In 1969, Esenin-Volpin signed the first Appeal to The UN Committee for Human Rights, drafted by the Initiative Group for the Defense of Human Rights in the USSR. In 1970, he joined the Committee on Human Rights in the USSR and worked with Yuri Orlov, Andrei Sakharov and other Soviet human rights activists.

== Emigration ==
In May 1972, Esenin-Volpin emigrated to the United States at the insistence of the Soviet government, but his Soviet citizenship was not revoked as was customary at the time for exiled people. He worked at the University of Buffalo and Boston University, first as a professor then as a librarian. In 1973, he was one of the signers of the Humanist Manifesto.

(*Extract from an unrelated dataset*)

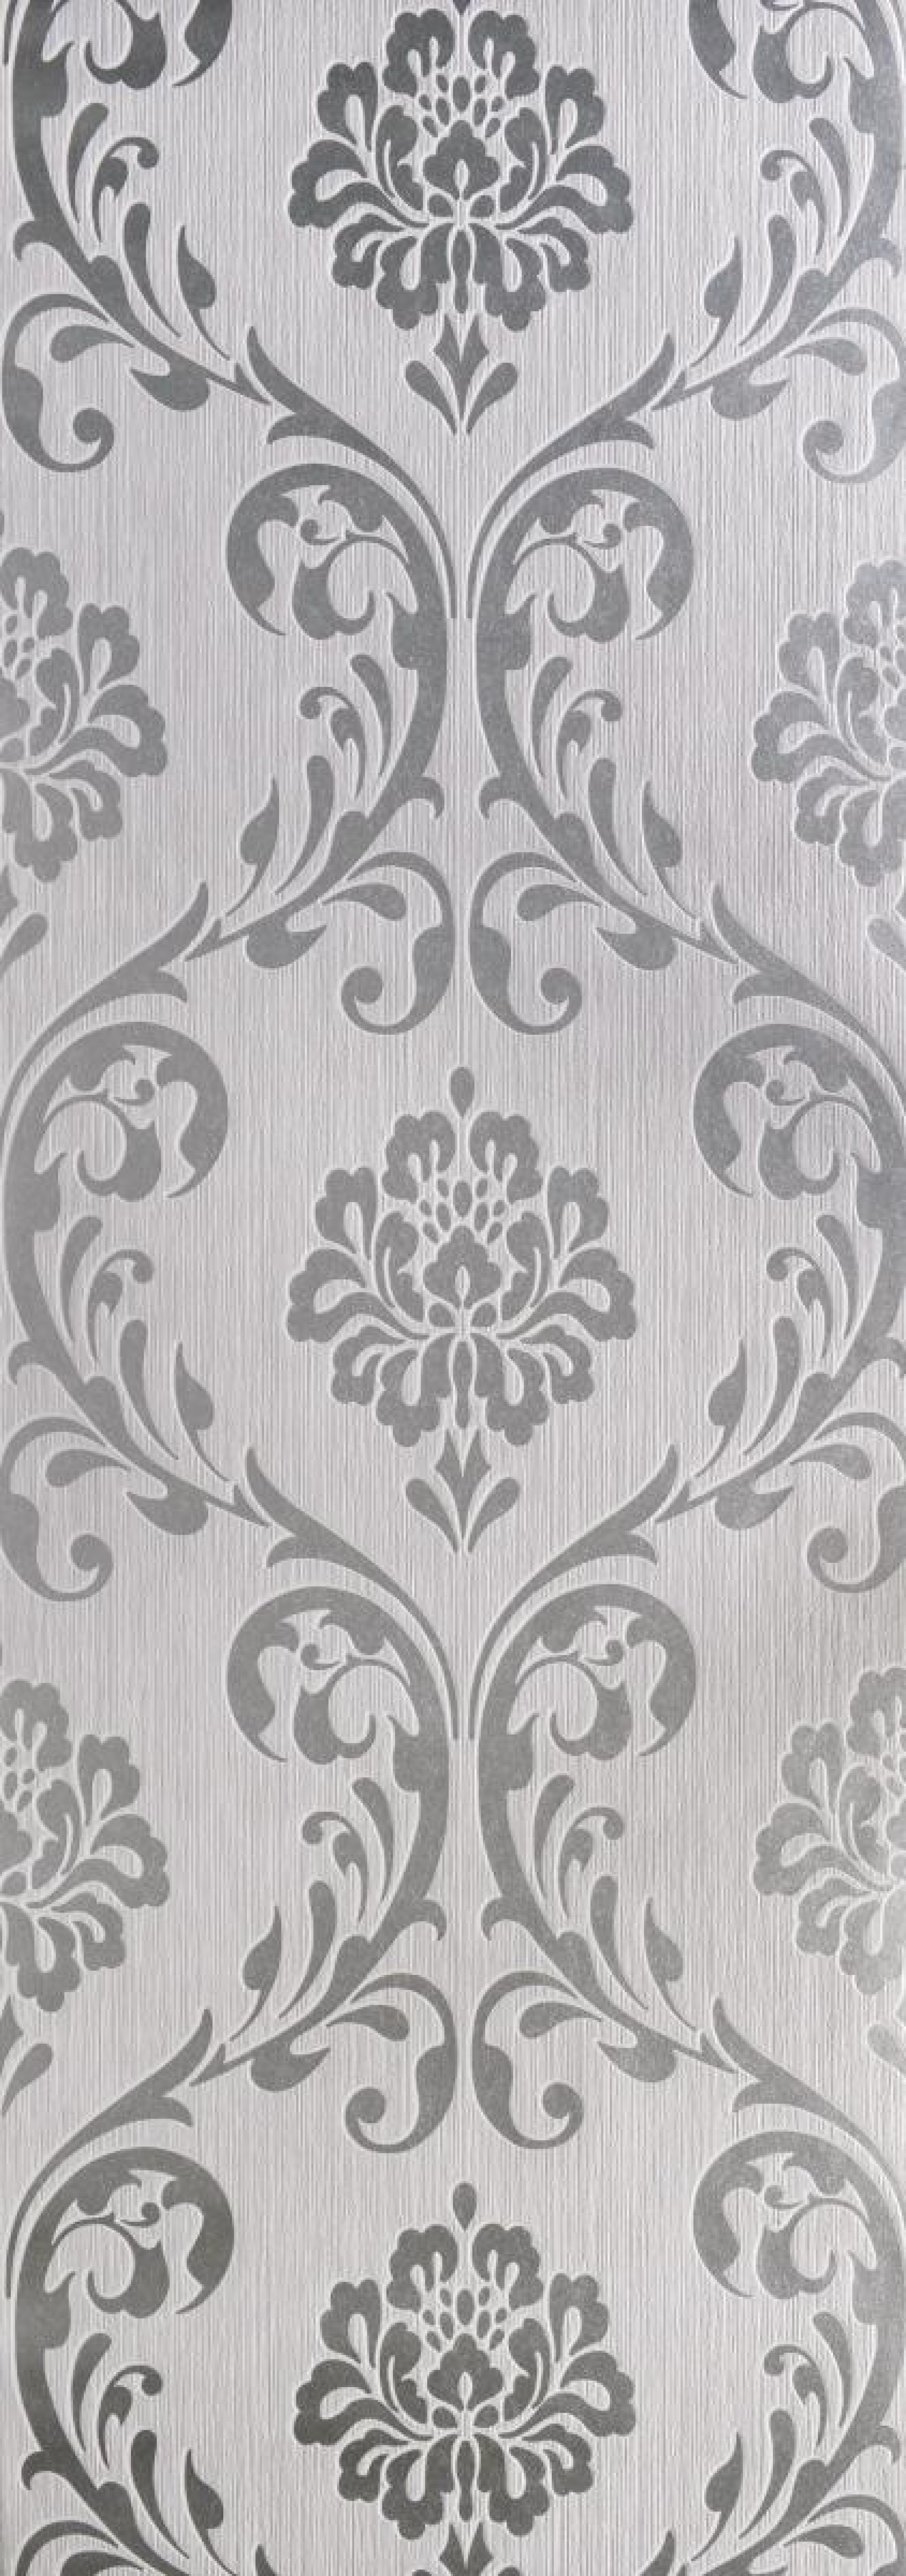 Vliestapete Ornament silber in 2019 | Tapeten, Vinyl ...

In 1977, Esenin-Volpin again alarmed the Soviet authorities by threatening to sue them for spreading rumours that he was mentally ill.

In 2005, Esenin-Volpin participated in "They Chose Freedom", a four-part television documentary on the history of the Soviet dissident movement.

Esenin-Volpin died on March 16, 2016 in Boston at the age of 91.

==Mathematics==
His early work was in general topology, where he introduced Esenin-Volpin's theorem. Most of his later work was on the foundations of mathematics, where he introduced ultrafinitism, an extreme form of constructive mathematics that casts doubt on the existence of not only infinite sets, but even of large integers such as 10^{12}.
He sketched a program for proving the consistency of Zermelo–Fraenkel set theory using ultrafinitistic techniques in (Ésénine-Volpine 1961), (Yessenin-Volpin 1970) and (Yessenin-Volpin 1981).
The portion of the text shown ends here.